The term “smart” is often used today to describe many technological developments that have had a significant impact on our everyday lives and will continue to do so in the future. A prime example being the smartphone.
The term smart home, which describes the intelligent networking and control of household devices, locking systems, heating systems, shutters and other electronic apparatus, is also being used and understood more readily. Starting with a smart home, the next logical step in this direction would be a smart quarter or even a smart city. But what does this actually mean?
There are two global developments that seem unrelated at first glance but are irreversible from a human point of view and will have a major impact of our future. One of them is the progressing digitisation in all areas of life, the other the worldwide population growth. By the middle of the century, around ten billion people will be living on this planet, two thirds of them in cities or megacities with more than ten million inhabitants, just like present-day New York, Tokyo, Shanghai, Mumbai, Mexico City, Istanbul, Kinshasa, to mention but a few
The smart city concept entails the development, provision and use of digital technologies and the data generated therefrom (keyword: big data), which will be used in all urban areas to secure the quality of life for the inhabitants. This affects key areas such as energy and water supply, traffic control systems and general infrastructure, health, education and administration. The first steps along the way: the use of drones by the commercial sector and government agencies, autonomous driving and robotics.

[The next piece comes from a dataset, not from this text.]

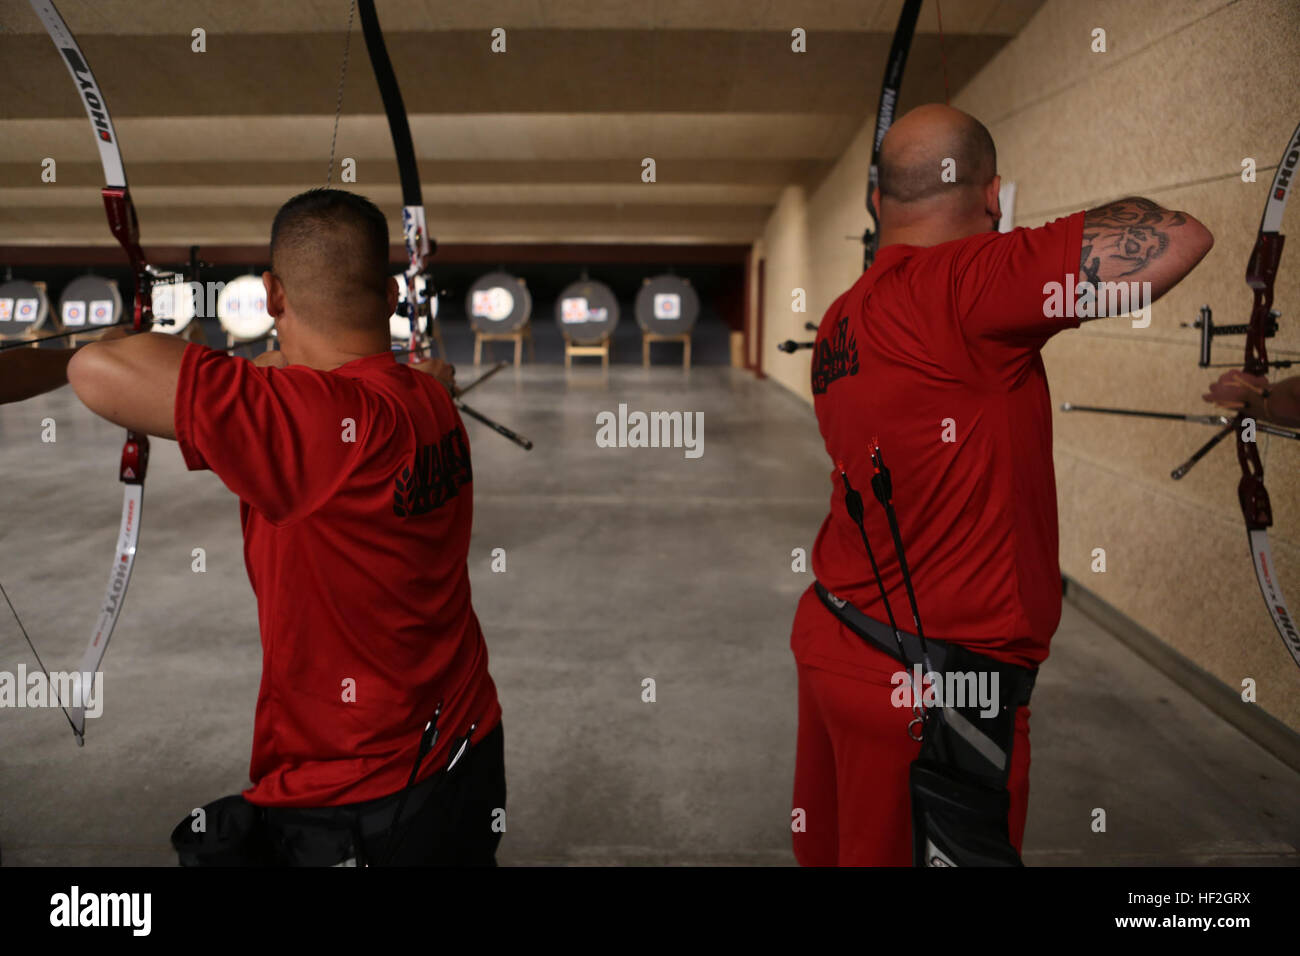 Capt. Chris McGleinnaiss, from Kailua, Hawaii, and teammate Sgt. Andres Burgos, from Orlando, Florida, draw back and prepare to release arrows during archery practice for the Marine team, September 25, in preparation for the 2014 Warrior Games. The Marine team has been training since September 15 in order to build team cohesion and acclimate to the above 6,000 ft. altitude of Colorado Springs.  The Marine team is comprised of both active duty and veteran wounded, ill and injured Marines who are attached to or supported by the Wounded Warrior Regiment, the official unit of the Marine Corps char Stock Photo

This question cannot be answered with a simple yes or no at this stage. Moreover, each city is different, so a “one-size-fits-all” approach is unrealistic. First attempts and experiments are underway in various countries, among other places in Singapore, Barcelona, Denver and many other cities. In Germany, a smart quarter is being established under the direction of the municipal works and a real estate company in the district of Oststadt in Karlsruhe, which is to be completed in 2018. So the trend is there, and it will have a major impact on the real estate sector and open up new business areas
But at present, all of these projects only deal with the one or other aspect of the general infrastructure, or with individual quarters, such as in Karlsruhe. To apply the smart city concept to an entire city with millions of inhabitants requires more than further research and intelligent solutions. So far, there is often no underlying holistic approach that can be implemented in unison by (local) authorities, technology, the building and real estate sectors, as well as the urban population. On the other hand, cities “must” get smarter in the future, otherwise the problems we already see today in the areas of individual transport, energy supply, health, waste management and general security will only get worse or even lead to a collapse of certain segments.
For the real estate sector, the smart city concept is both an opportunity and a responsibility. The focus is shifting more and more towards the individual and his personal environmental requirements. The smart use of digital possibilities, such as the analysis and interpretation of collected data, offers the potential for greater consulting efficiency and more flexible support in higher quality. However, the real estate sector must be prepared to acquire new knowledge and meet new demands.